▶ ACTIVITY:
The listing below should be printed exactly, every line of it. Skip the pictures.

▶ DATA SHOWN:

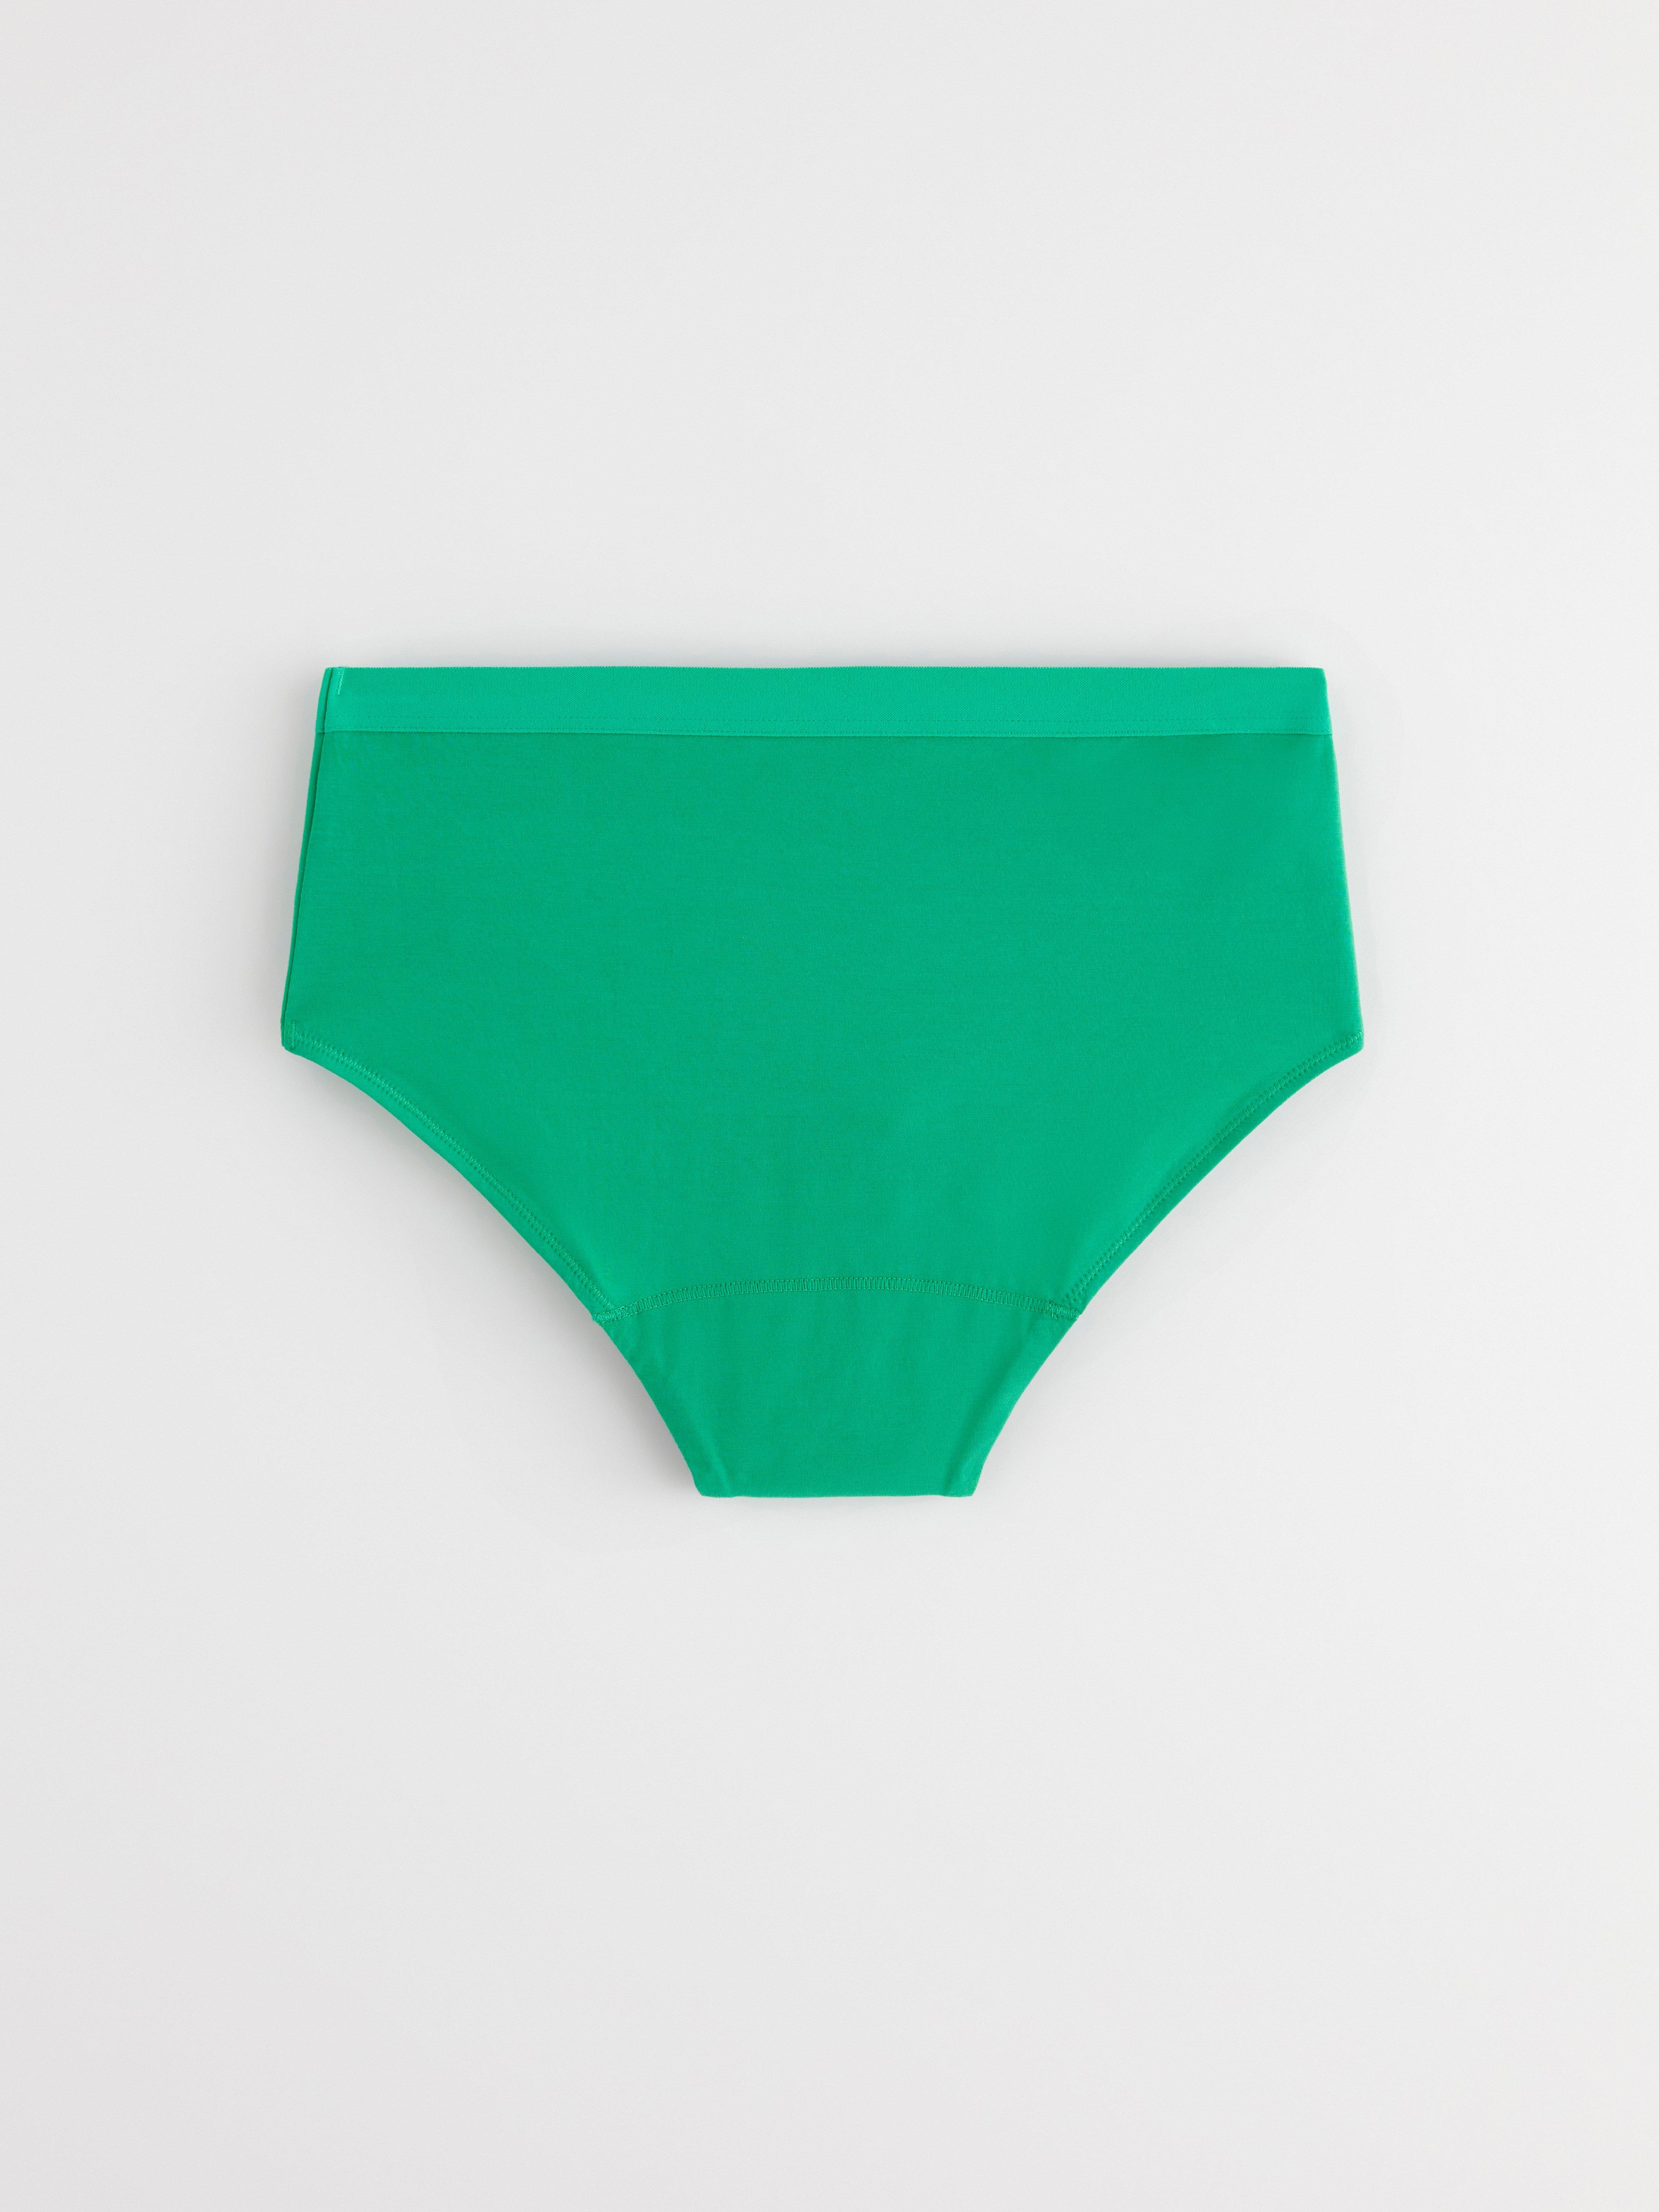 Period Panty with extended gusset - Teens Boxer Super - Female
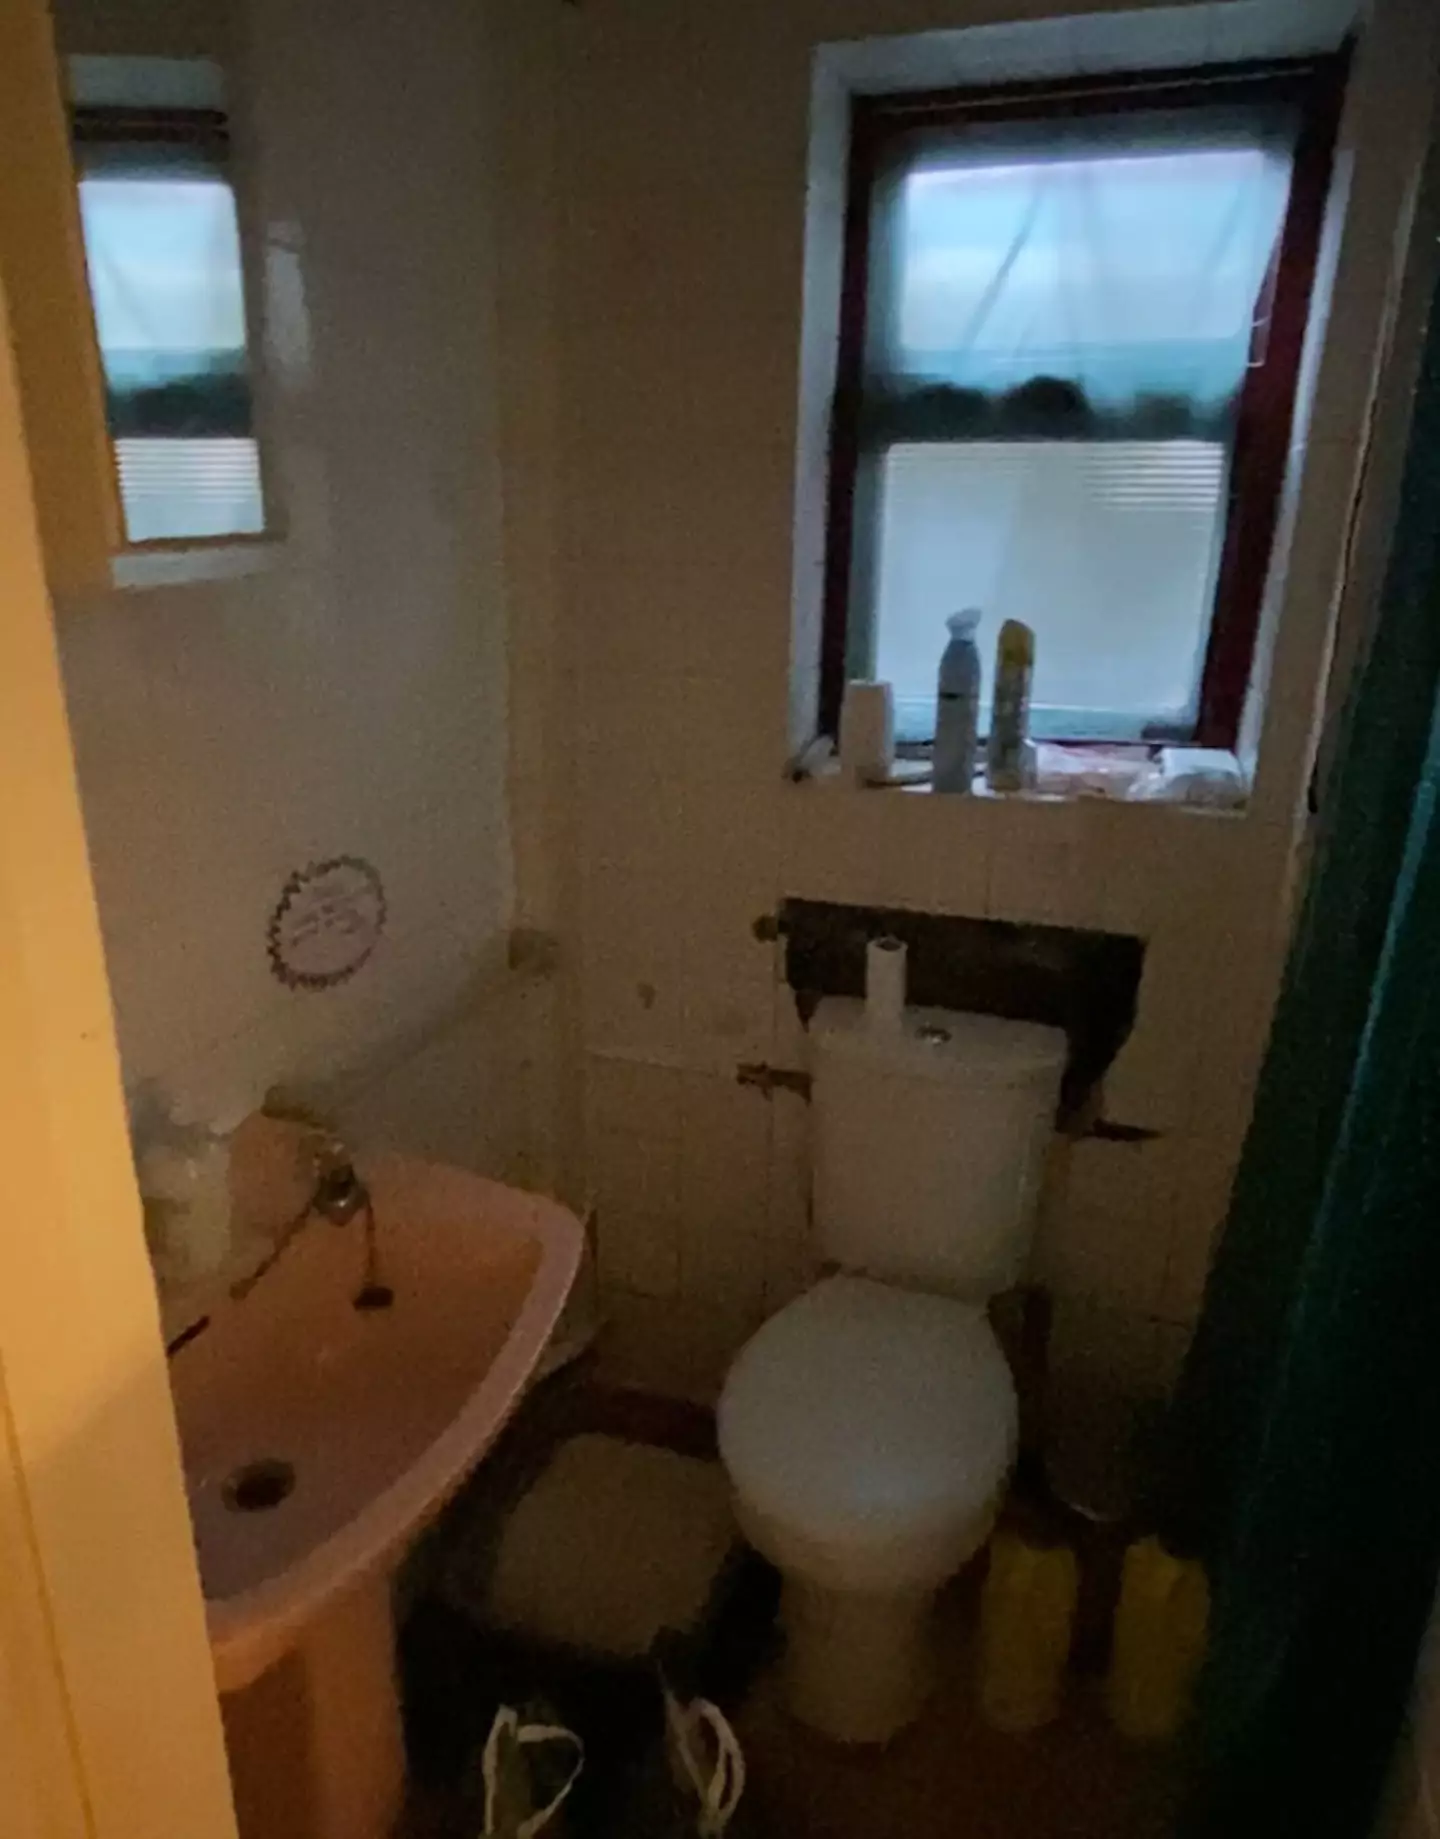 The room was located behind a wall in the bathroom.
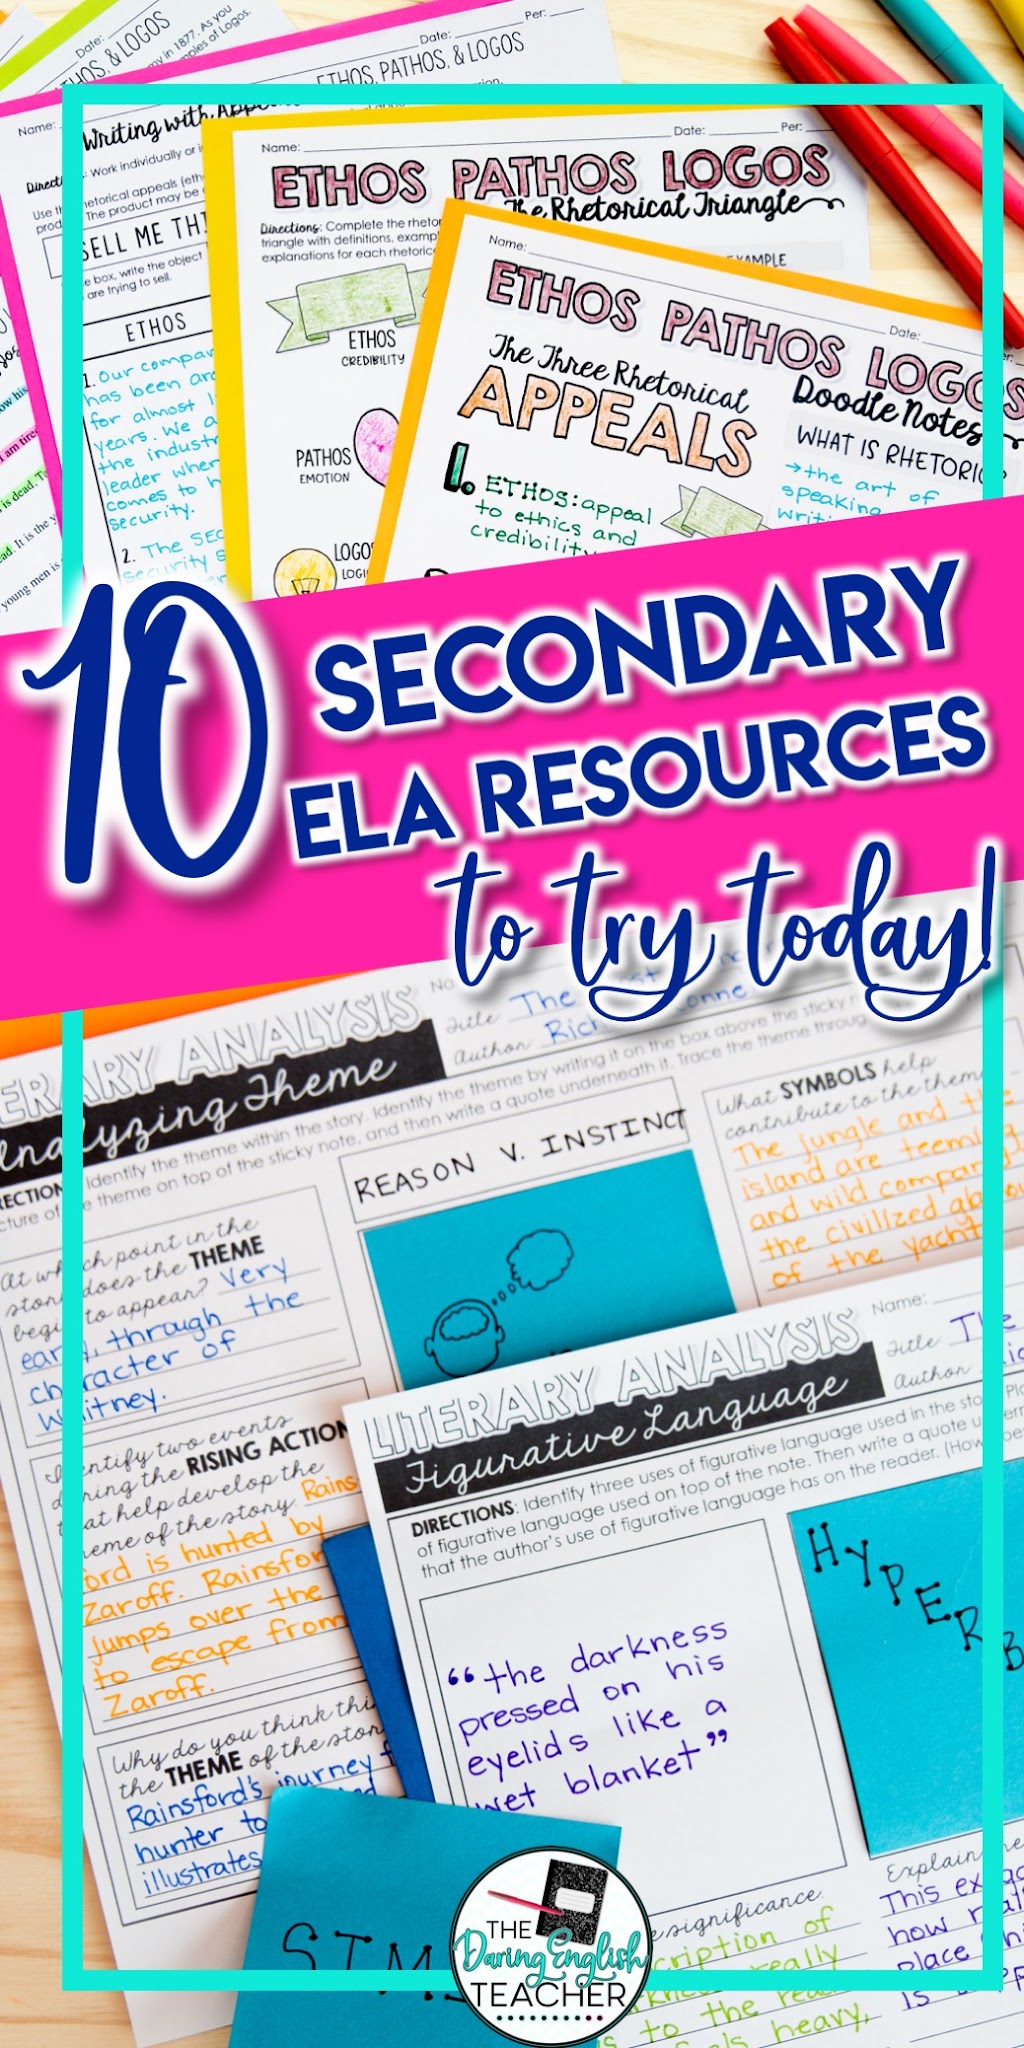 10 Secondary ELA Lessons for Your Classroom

▶ RESPONSE TO THE TASK:
 Period Panty with extended gusset - Teens Boxer Super - Female
 The room was located behind a wall in the bathroom.
 10 Secondary ELA Lessons for Your Classroom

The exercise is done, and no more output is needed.